I think it is a wonderful tribute to a remarkable man.

THAT is what I have emphasized in my review. My copy of the book actually DOES list sfardust credit sources and even has an index. I don’t know what copy you happened to read. My recommendation for the book is based on the story of DeForest Kelley and quite frankly has nothing to do with Ms.

Smith and whether or not she betrayed him or your opinion of her–or anybody else’s opinion of her.

From Sawdust to Stardust

Considering that Mr Kelley is the only one starfust could tell us that first hand, I’m not inclined to take your second hand opinion or anyone else’s for that matter. And, since it hasn’t anything do with with the respect I have for Mr. Sqwdust himself, it really isn’t relevant to my review. I’m not asking you to agree with me I just wish you wouldn’t use my blog as a forum for your opinion of Ms.


Smith–who, by the way, wasn’t even mentioned in my review. Click on picture or link above.

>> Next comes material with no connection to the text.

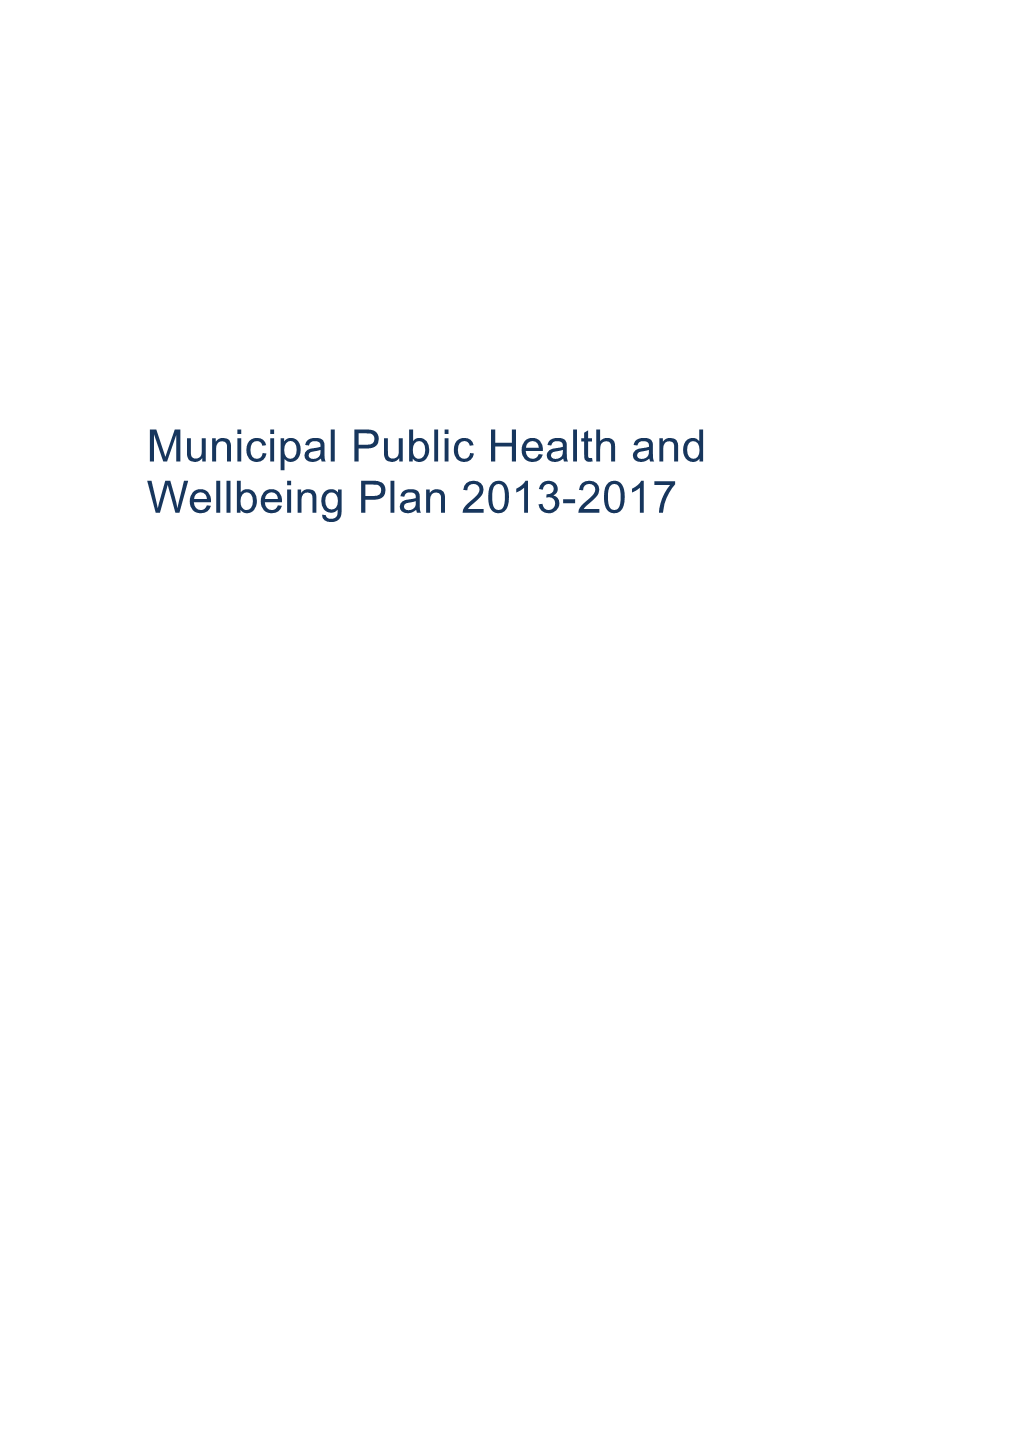 Municipal Public Health and Wellbeing Plan 2013-2017

Just the Facts Headquarters Includes End of Calendar of Crime Headquarters. Goodreads Challenge Reading Challenge. Bev has read books toward her goal of books. The Folks on My Block.

Ending A Good Death: Review The Rose Window: Movement A Blast From the Past: Review Nantucket Soap Opera: Review Teaser Tuesdays It’s Monday! What Are You Reading?

From Sawdust to Stardust | Book by Terry Lee Rioux | Official Publisher Page | Simon & Schuster

The Mystery of the Yellow Room: Review The Ink Dark Moon: Review Strange Murders at Greystones: Fascination Awards Top Ten Tuesday: Review Wake for a Lady: Five Passengers from Lisbon: Birthdate Gift from the Sea: Review Champagne for One: What Are you Reading? Review The Greenwell Mystery: Review Friday Memes Theme Thursday: About Me Bev Hankins View my complete profile. All reviews and materials posted are the property of My Reader’s Block Bev Hankins unless otherwise attributed.

Please request permission to use any material in whole or in part elsewhere on the web or in any other format.

Wednesday, March 14, From Sawdust to Stardust: I don’t care if you’re not a Star Trek fan. I don’t care if you’ve been living in some weird other world and have no clue who DeForest Kelley was the Original Dr.

You really must read this book. From Sawdust to Stardust: McCoy by Etardust Lee Rioux is an absolutely amazing book about one of the most decent men of the 20th Century–and definitely one of the most sawcust people to go ever through Hollywood.

The down-to-earth son of a Georgia Baptist preacher, DeForest Kelley was all that a true Southern gentleman should be–a Southern gentleman without all the prejudices and stereotypical behaviors ascribed to the people of the South. He always treated women as ladies–without being condescending. He always treated everyone–black, white, Asian, older, younger, it did not matter–with the respect due an equal.


He grew up with certain principles–principles that came both from his preacher father and his gentle mother–and he never let them go. Not when trying hard to make his way in the dog-eat-dog world of movie industry and not even when late in life he finally reached the star status which being part of the iconic Star Trek mythos brought him.

In the glittering world of Hollywood where marriage partners could be changed as often as one’s outfits, Kelley remained married to the same woman for over 40 years.

And not only remained married, but friends said he was just as in love and just as romantic as when he first courted her. He was infinitely patient with the clamoring fans who loved him for wawdust space age doctor he portrayed. And up until the end of his life, he had all his fan mail delivered sawduat to his home and he and his wife Carolyn opened, read, and answered every piece they possibly could.

He touched more lives “playing a doctor on TV” than he ever could have had he become one in real life–visiting sick children who were fans, inspiring young people to become doctors themselves, and influencing everyone he met to be kinder, gentler, and better than they were before.

Terry Lee Rioux has given us an incredible look at a truly remarkable person.

From Sawdust to Stardust | Memory Alpha | FANDOM powered by Wikia

McCoy has always been my favorite Star Trek character. DeForest Kelley is one of my favorite human beings. Posted by Bev Hankins at Newer Post Older Post Home.